What you will do: Copy each line below as it stands, but skip any picture it contains.

Dataset excerpt:

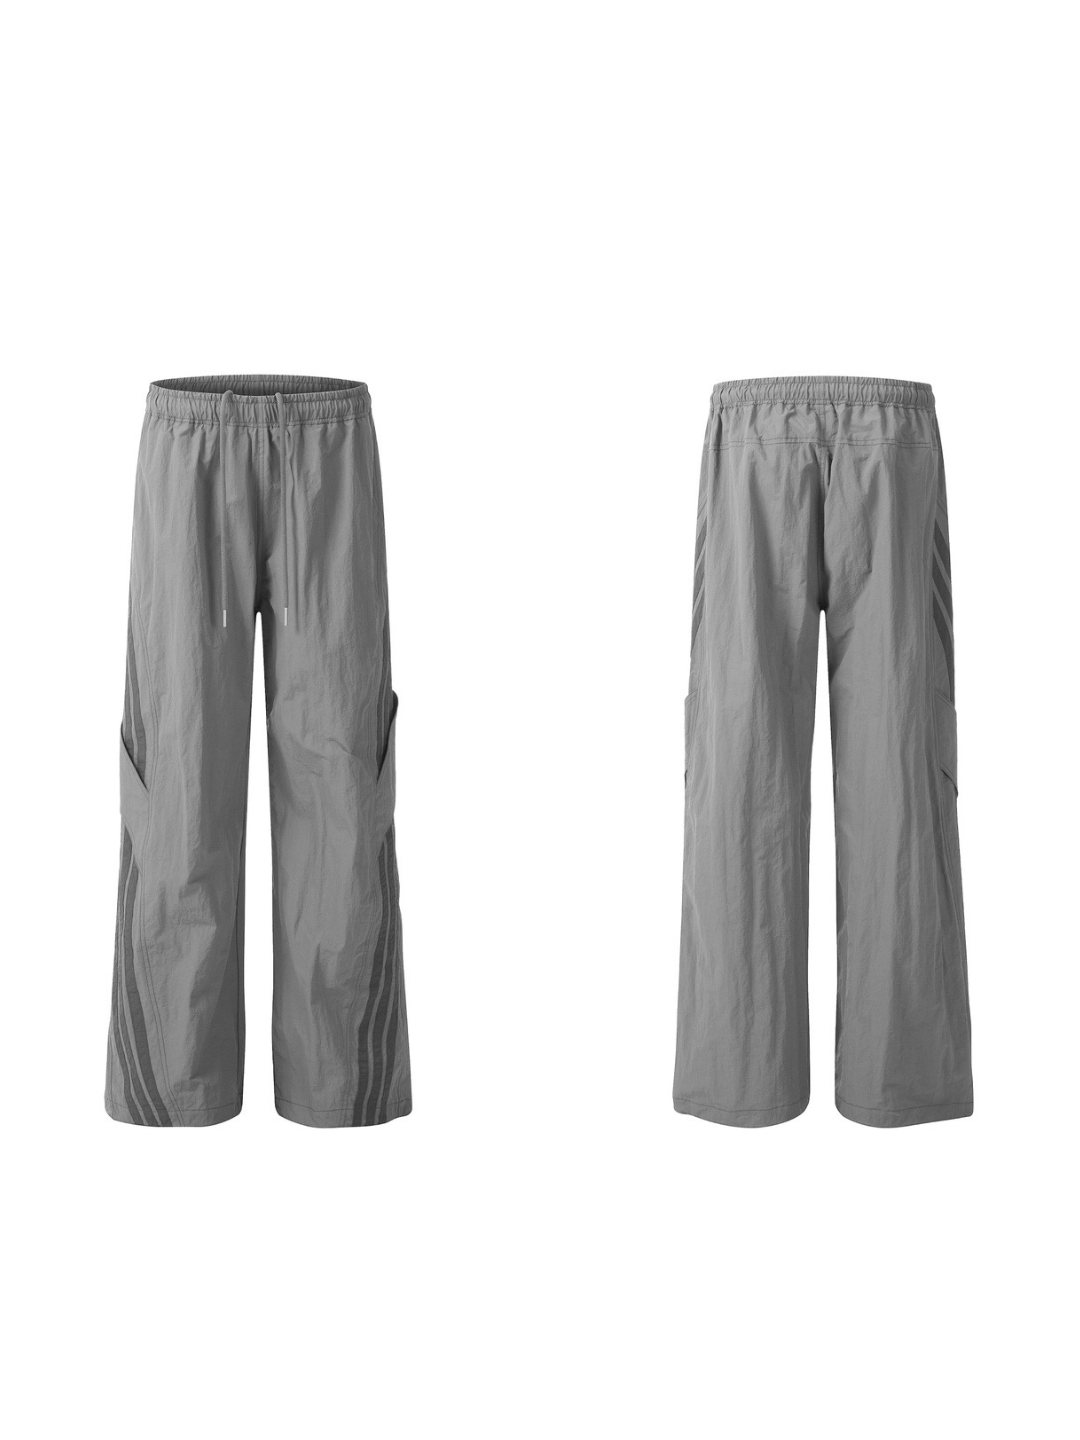 【Mz】 loose wide leg sports workwear pants  na1263
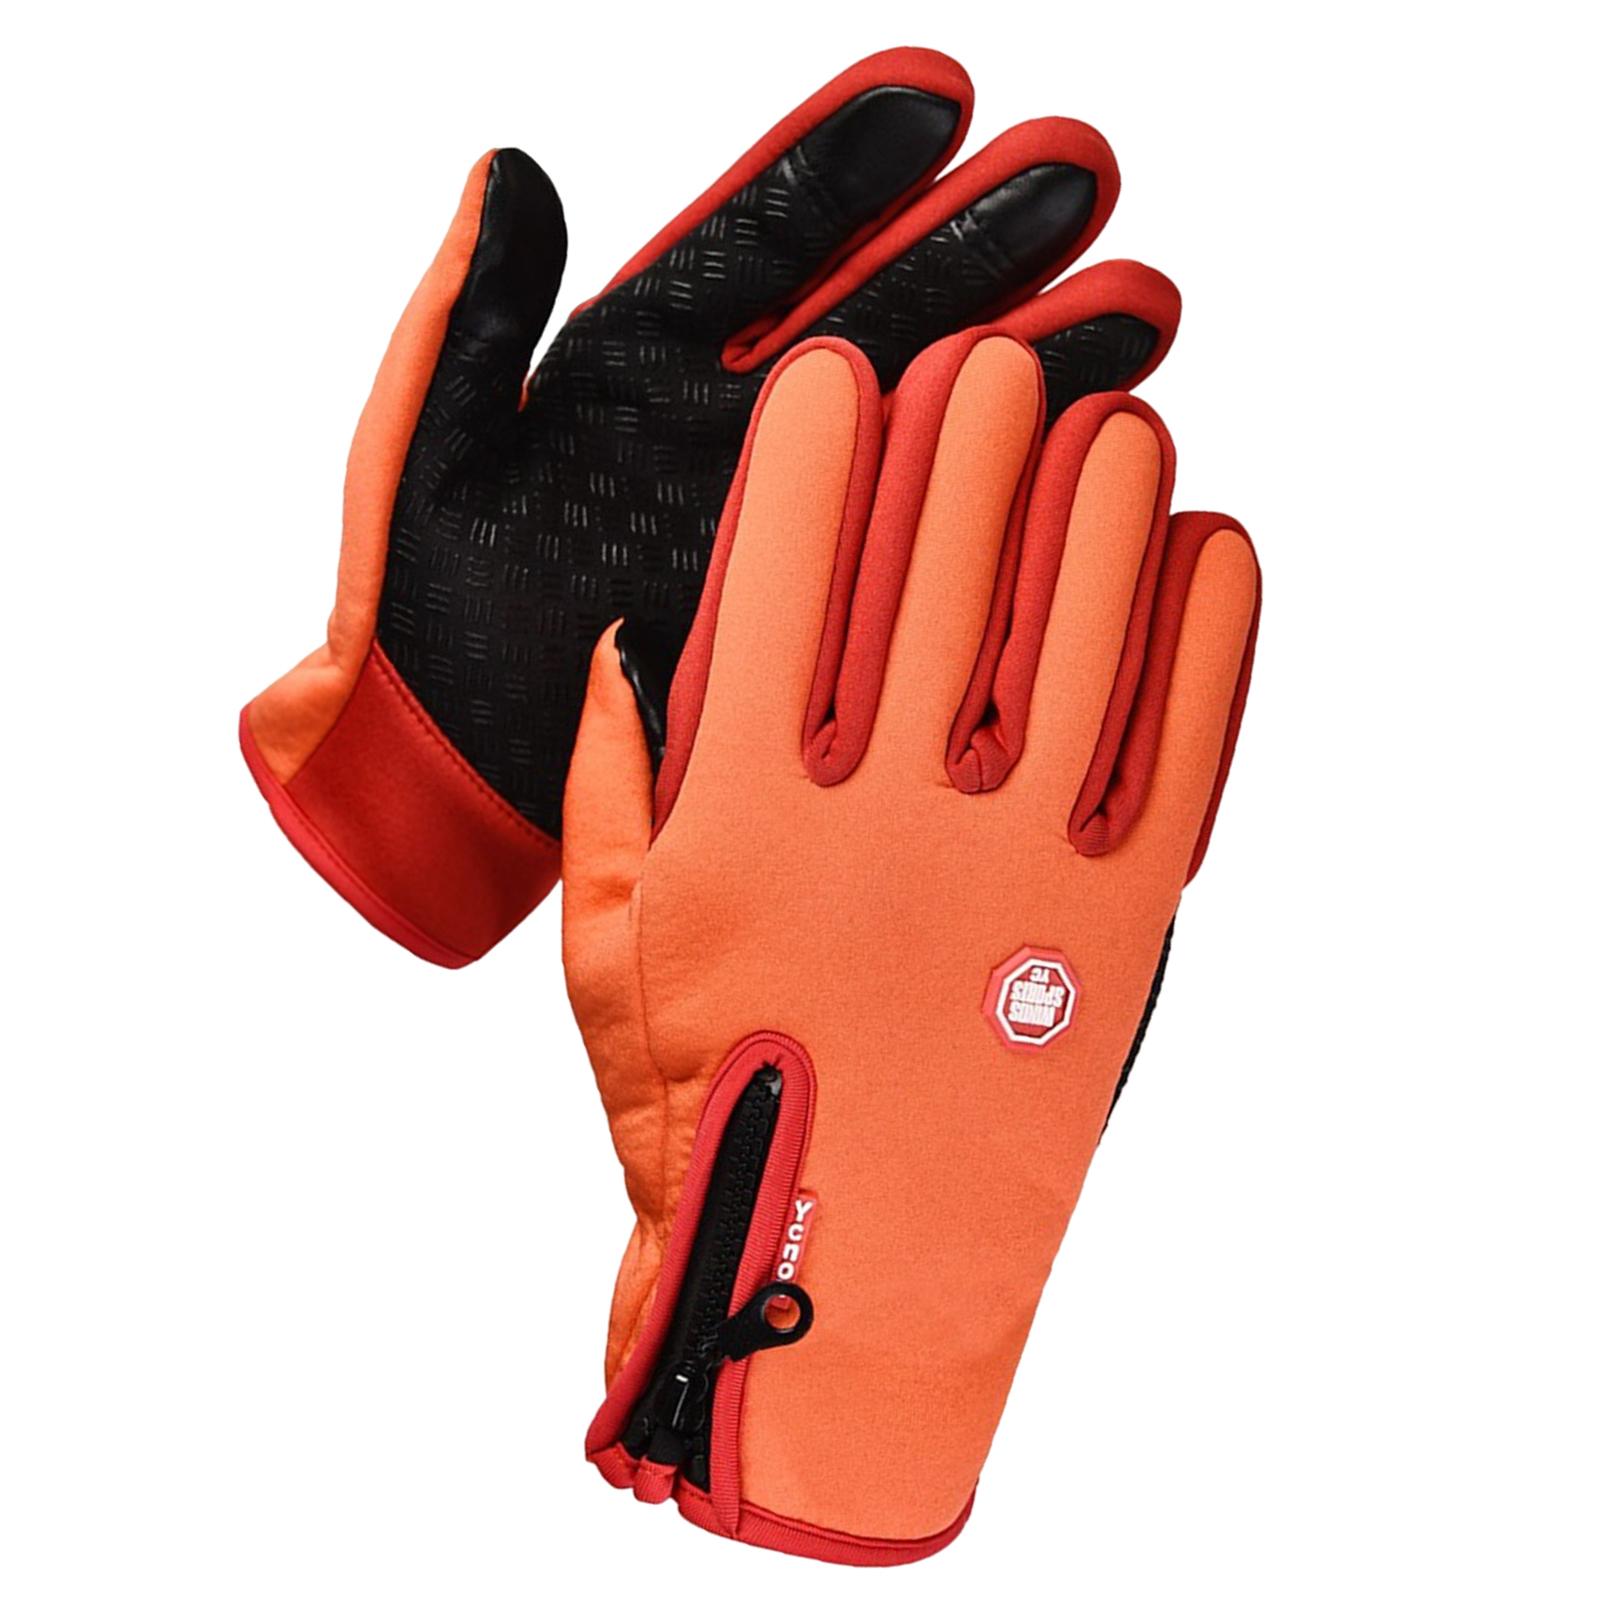 Winter Gloves Nonslip Thermal Gloves for Outdoor Running Sports Motorcycle XXL Orange
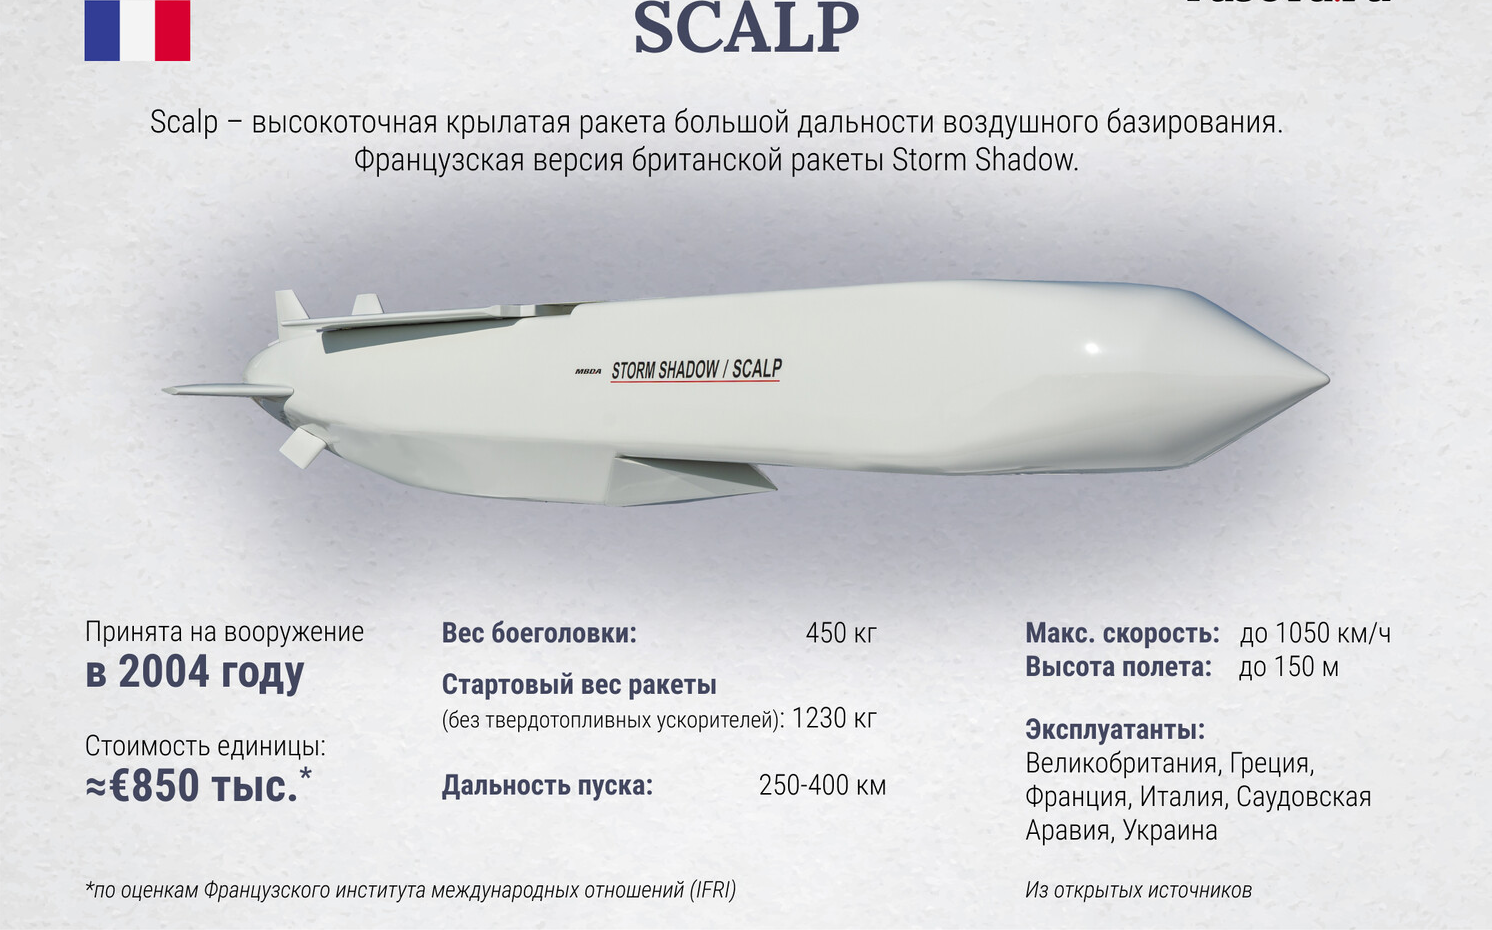 Крылатые ракеты Scalp характеристики. Крылатая ракета Storm Shadow / Scalp. Французские ракеты Scalp. Storm Shadow ракета дальность. Крылатые ракеты scalp

Task response:
 【Mz】 loose wide leg sports workwear pants  na1263
 Winter Gloves Nonslip Thermal Gloves for Outdoor Running Sports Motorcycle XXL Orange
 Крылатые ракеты Scalp характеристики. Крылатая ракета Storm Shadow / Scalp. Французские ракеты Scalp. Storm Shadow ракета дальность. Крылатые ракеты scalp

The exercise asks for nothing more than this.